Central Realty, Bond & Trust Company
- Company type: Trust company
- Industry: Financial services
- Founded: 1899
- Founder: Henry Morgenthau Sr.
- Defunct: 1905
- Fate: Split trust and real-estate business
- Successor: Lawyers' Title Insurance and Trust Company
- Headquarters: New York City, United States
- Area served: United States
- Products: Trust business and real estate investment trust

= Central Realty, Bond & Trust Company =

Real estate and trust company (1899–1905)

The Central Realty, Bond & Trust Company was an American financial company that combined real estate investment with trust company business in the early 20th century. Once described as "the first large New York City real estate investment trust company".

==History ==
It was founded in 1899 by Henry Morgenthau, who was its president. In addition to Morgenthau, the company's directors included former New York City mayor Hugh Grant.

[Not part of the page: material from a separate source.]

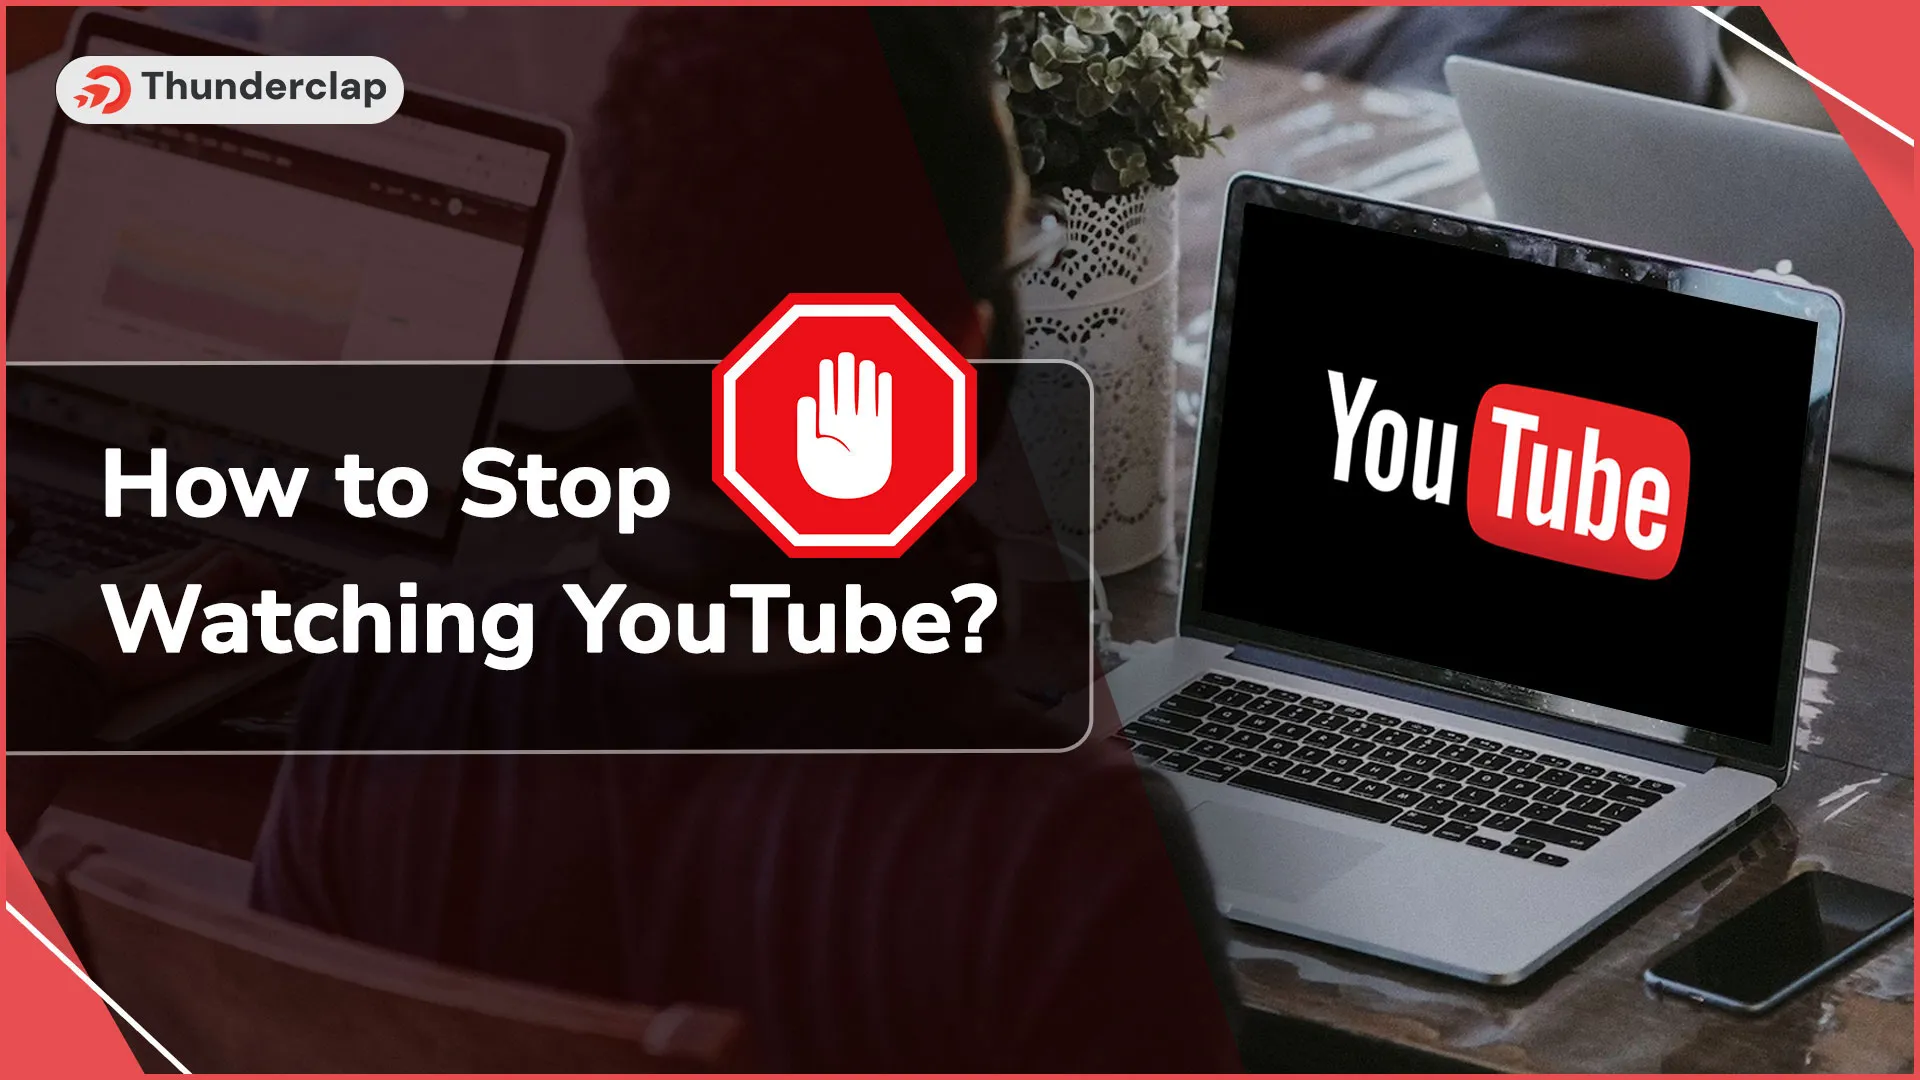 How To Stop Watching YouTube

The real estate purchases and sales alienated legitimate trust company business, however, so they were separated. In 1905 a merger of the Central Realty, Bond & Trust Company with the Lawyers' Title Insurance Company was approved by both, resulting in a new company called Lawyers' Title Insurance and Trust Company, which would eschew the real estate business. The officers and board of the new company were the same as that of the Lawyers' Title Insurance Company, with the addition of Henry Morgenthau, president of Central Realty, as a member of the board and of the finance committee. The real estate of Central Realty was to be acquired by a syndicate or corporation to be organized by Henry Morgenthau.